Because NSA is chartered with assisting the USG and, as a knock-on effect, the US economy, with infosec. It's part of their job. Just like designing secure ciphers is part of their job, along with breaking them.
"Even agency programs ostensibly intended to guard American communications are sometimes used to weaken protections. The N.S.A.’s Commercial Solutions Center, for instance, invites the makers of encryption technologies to present their products and services to the agency with the goal of improving American cybersecurity. But a top-secret N.S.A. document suggests that the agency’s hacking division uses that same program to develop and “leverage sensitive, cooperative relationships with specific industry partners” to insert vulnerabilities into Internet security products. "
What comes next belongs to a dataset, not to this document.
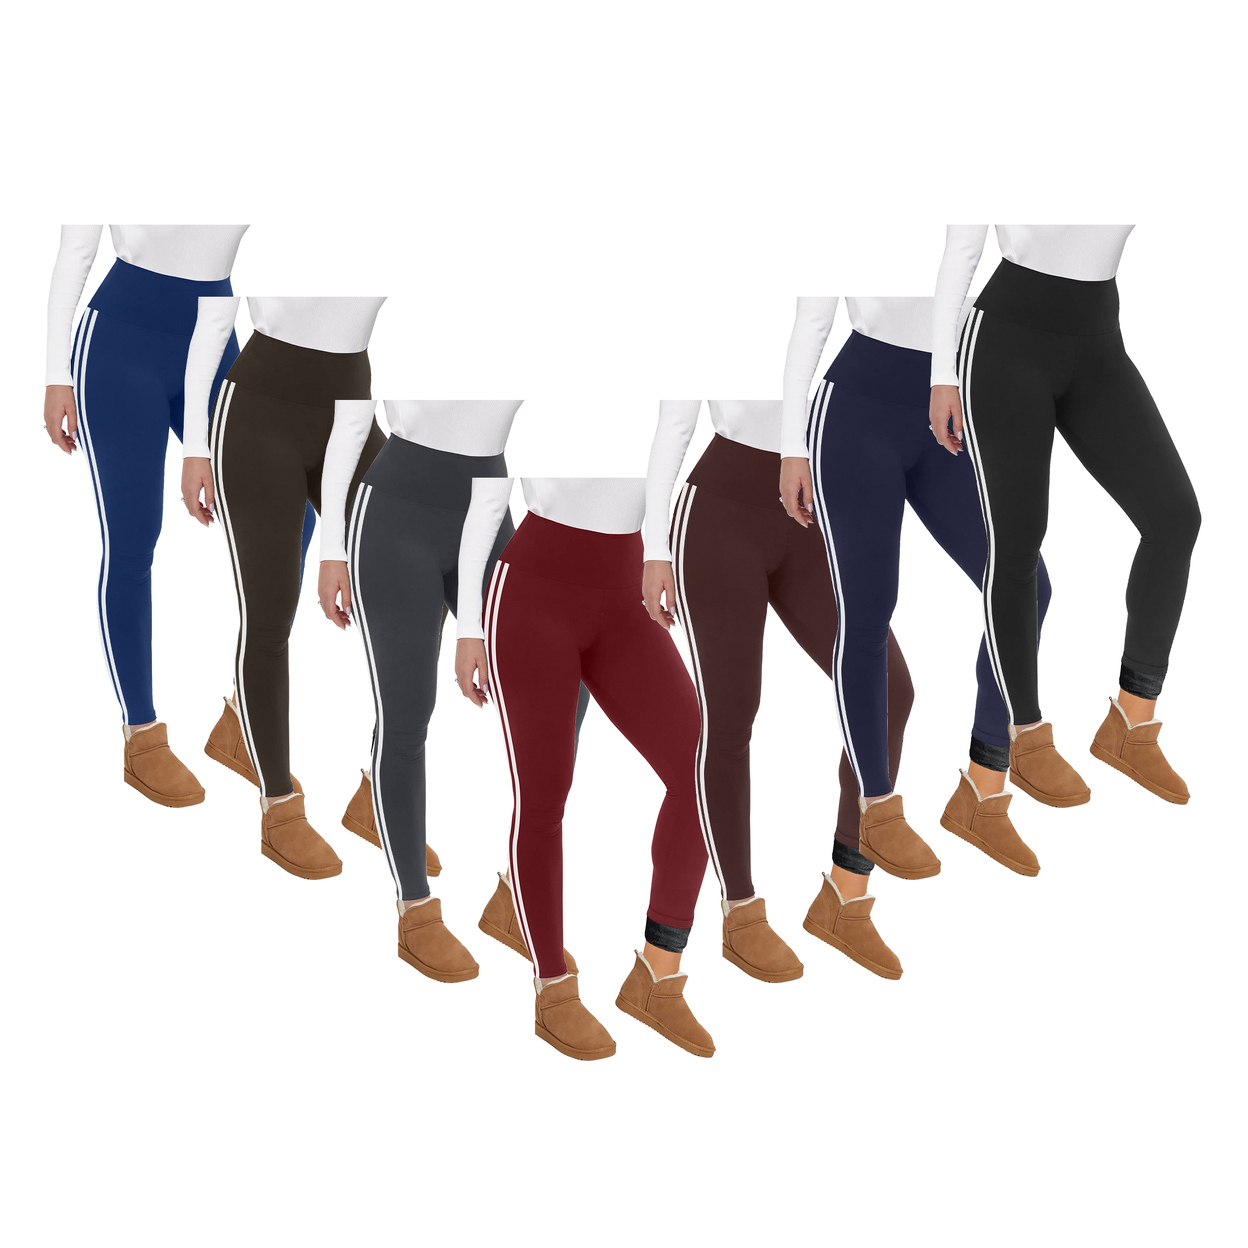 4-Pack: Women's Ultra Soft Winter Warm Cozy Striped Fur Lined Yoga Leggings - Assorted, Large

Actual quote from the CTO of a company that makes some security-related software (it's a major selling point) for a specific sector. They probably have over a hundred million people using this stuff day-to-day, indirectly, and hundreds of direct, large customers. Security bypass can easily cost hundreds of thousands a month.
I had found a backdoor in their platform, so I asked if they had such basic holes, how they managed to write a large C-based app securely. Like, buffer overflows, for example.
CTO/head of development replied: "Buffer overflows? Probably not an issue, unless the network is really fast." Cringe.
There's nothing at all opposing about those goals. They're both natural by products of expertise in signals intelligence and cryptanalysis, and skill breaking security helps provide more secure systems by subjecting them to more sophisticated attacks.
Just as a clarification, NSA doesn't set those standards. Agencies like NIST set AES and SHA3 through open worldwide competitions. These standards then become parts of larger compliance guidelines like FIPS (Federal Information Protection Standard I think) that govern how the USG should protect its data.
NIST has like 2 cryptographers, doesn't it? The real guidance at NIST comes from NSA. If you think NSA is backdooring Suite B crypto, you can't trust NIST.